I always find that there is a one day adjustment period when I get back on the road after a long time. It doesn’t matter that I’ve been hauling around this Airstream for 15 years, or that towing it is like putting on a well-worn glove. Once the Airstream starts rolling, my mental framework gets a little bent and it takes a few hours to get used to the new shape.
In this case I couldn’t get on the road until after noon, which disturbed my routine even more. Normally I’ll start a long summer trip as early as possible, but there were several errands that had to be done on Wednesday morning before I could hitch up. Even after hitching up I had a mandatory stop at the Airstream Life office/warehouse to pick up inventory for the pop-up store.
The back bedroom is now jammed full, as well as the back of the car, the area under the dinette, one side of the bed, and some of the main hallway. There’s hardly a place to put my feet when I sit. I really don’t want to know how much weight I’m pulling, and it’s a good thing I’m traveling solo. Anyone who would want to come with me on this trip would have to be rather petite.
Since I’m heading to Austin, the first two days aren’t going to be full of interesting things. From Tucson to Van Horn is about 470 miles of Interstate 10, a fairly dull drive pockmarked by a few small cities—and El Paso, which for some reason always causes me a small case of indigestion.
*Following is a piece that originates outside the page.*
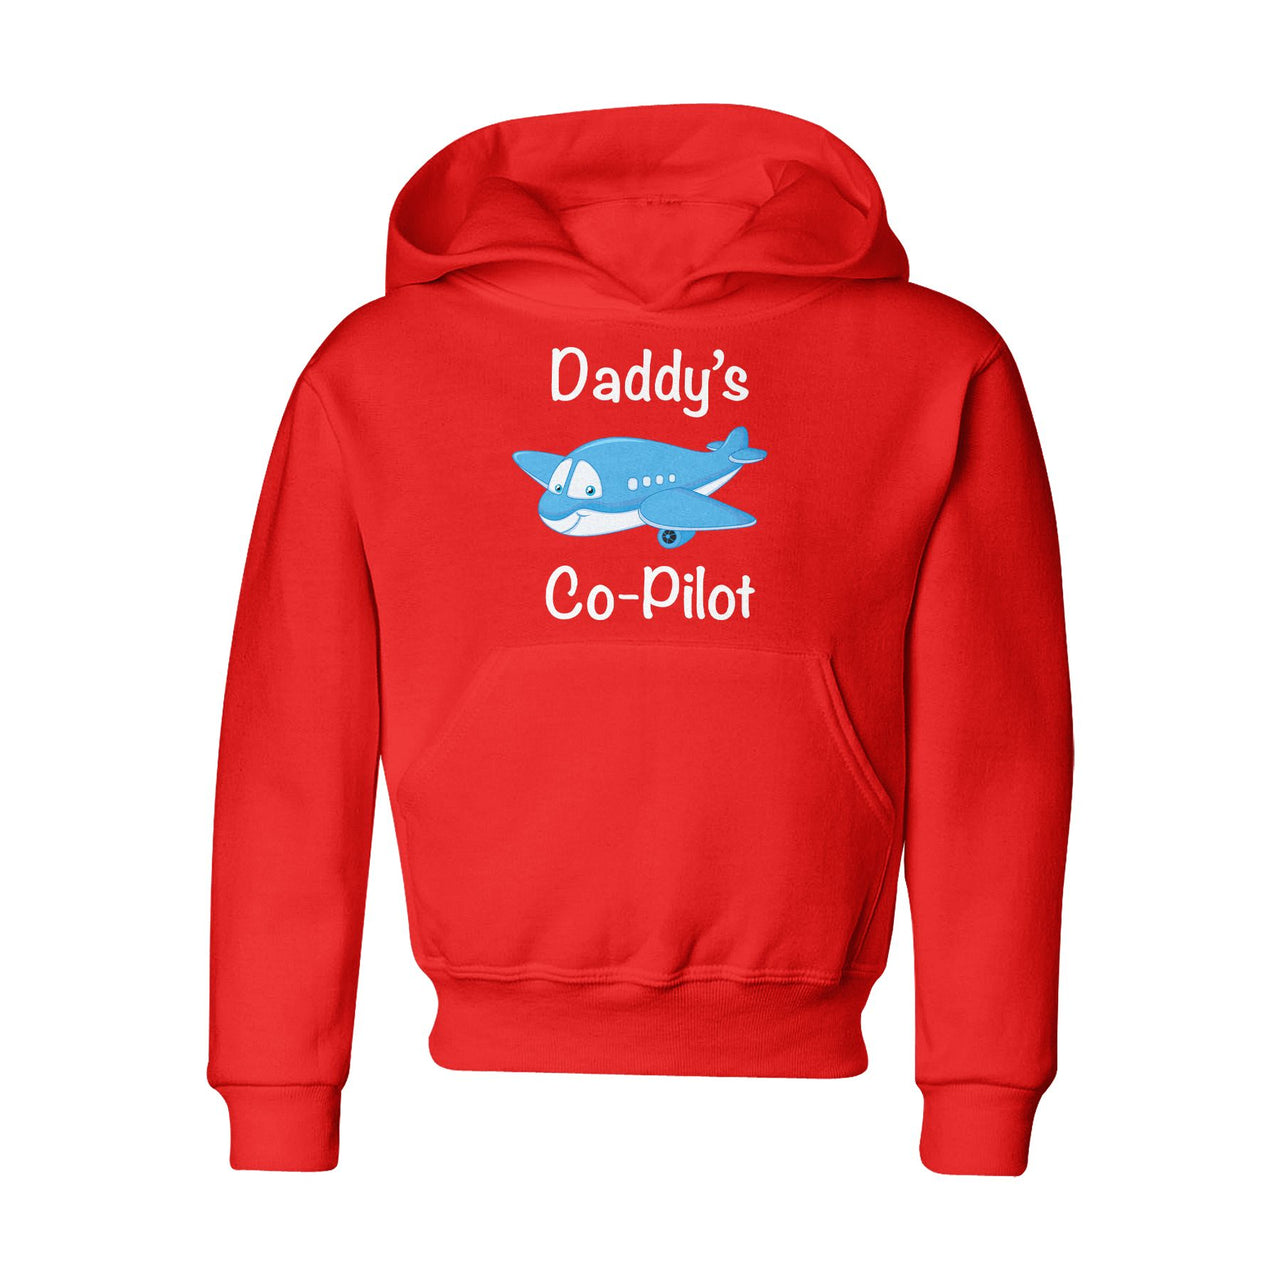 Daddy's Co-Pilot (Jet Airplane) Designed "CHILDREN" Hoodies
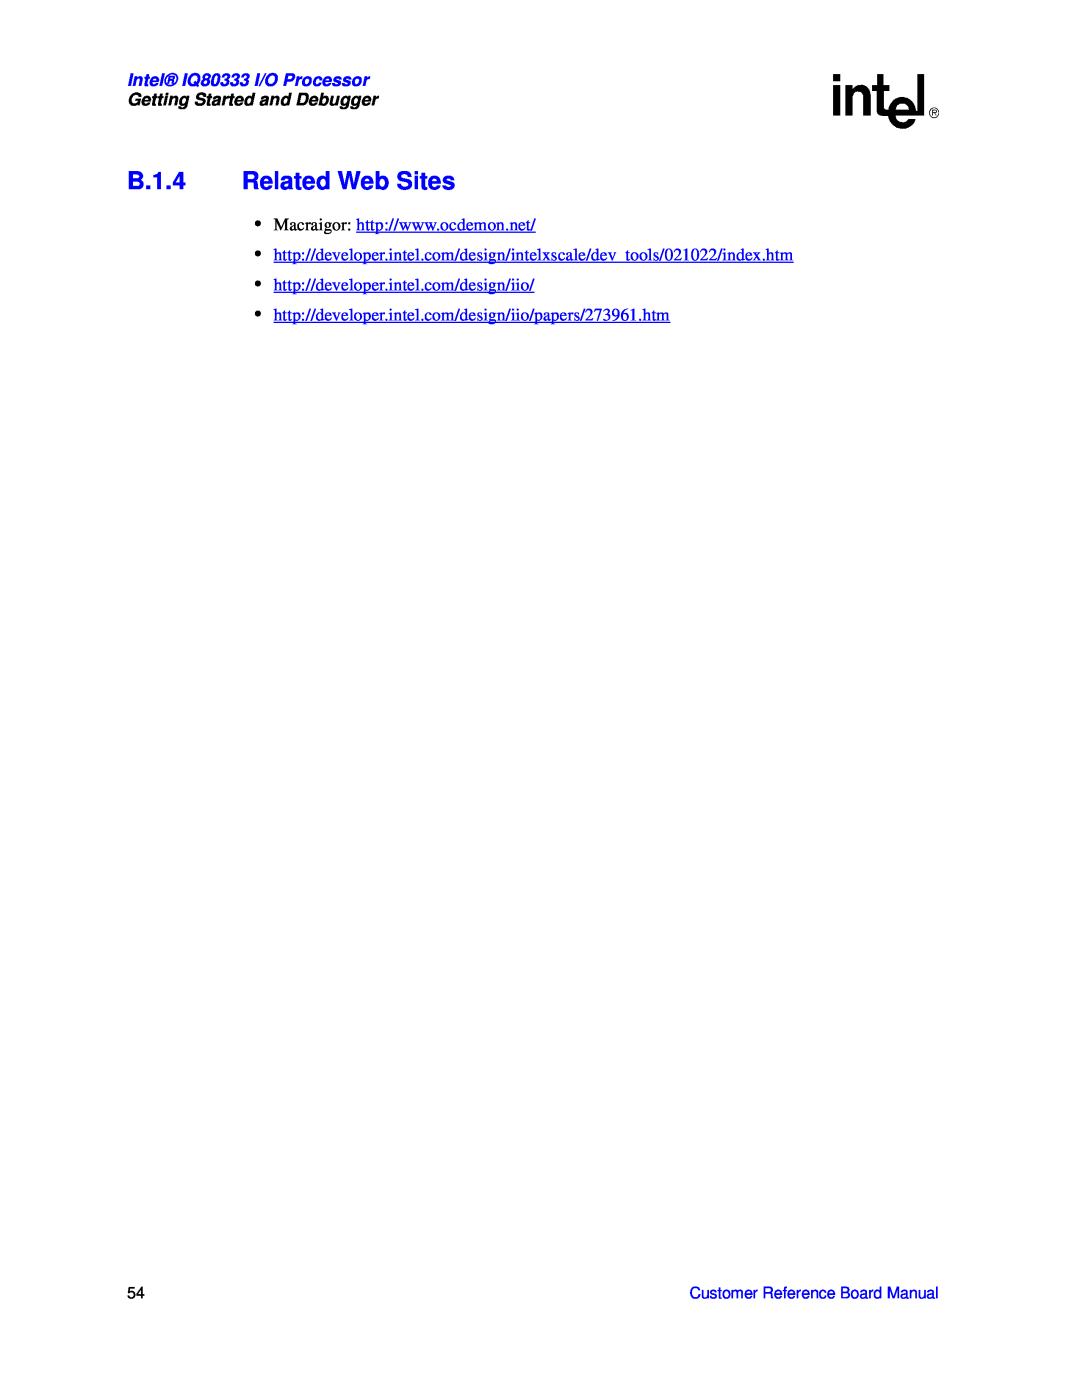 Intel manual B.1.4 Related Web Sites, Intel IQ80333 I/O Processor, Getting Started and Debugger

The traffic is inevitably far crazier than a city of that size should have; it’s like Dallas crammed into a single corridor. Let’s just say that this trip through didn’t alter my expectations, as I avoided various inventive lane-change maneuvers that the locals were demonstrating at sunset.
With Austin about 900 miles away, I had a choice between three 300-mile days or two 450-mile days. Having done this drive many times, I chose to go for the quick run and skip some favorite stopover spots like Balmorhea State Park and Caverns of Sonora. That left me with Van Horn, a town mostly known for being a stopover. It’s sort of the airport hotel of west Texas, with plenty of places to stay but only one reason to be there.
Because Arizona doesn’t observe Daylight Savings Time, I managed to cross two time zones in one day, so after 472 miles of driving I pulled into a forgettable little RV park at 10:00 pm Central Daylight Time. Normally I wouldn’t drive that late but of course for me it was only 8:00. The park features the standards of its ilk: dirt spaces, old but serviceable hookups, plenty of noise from the adjacent Interstate, hand-written notices from the sole proprietor, and anonymity. I was surprised to get the last space. Apparently quite a few people are staying in Van Horn long-term, from the look of the Jeeps and ruts and satellite dishes set up around me.
But I won’t be. The time zones are working against me, so even though I woke up at 4:45 Arizona time to respond to emails and write this, I’ll be hitting the road around 9:00 am local time. That means arriving in Austin by dinner if I don’t take a big break somewhere.
Fortunately I’m feeling the towing groove now. I think the changed view outside my window this morning has put my mind at ease. Even though the scene outside while I eat breakfast is merely dirt, desert scrub, and highway, it’s proof that the Airstream is mobile, as it was born to be. Those neurons in my brain that love new stimuli are lighting up with anticipation. So in a few minutes I’ll have this house/cargo carrier back on the asphalt, soaring east on I-10, all eight tires humming and the Mercedes diesel purring. It’s time to get going.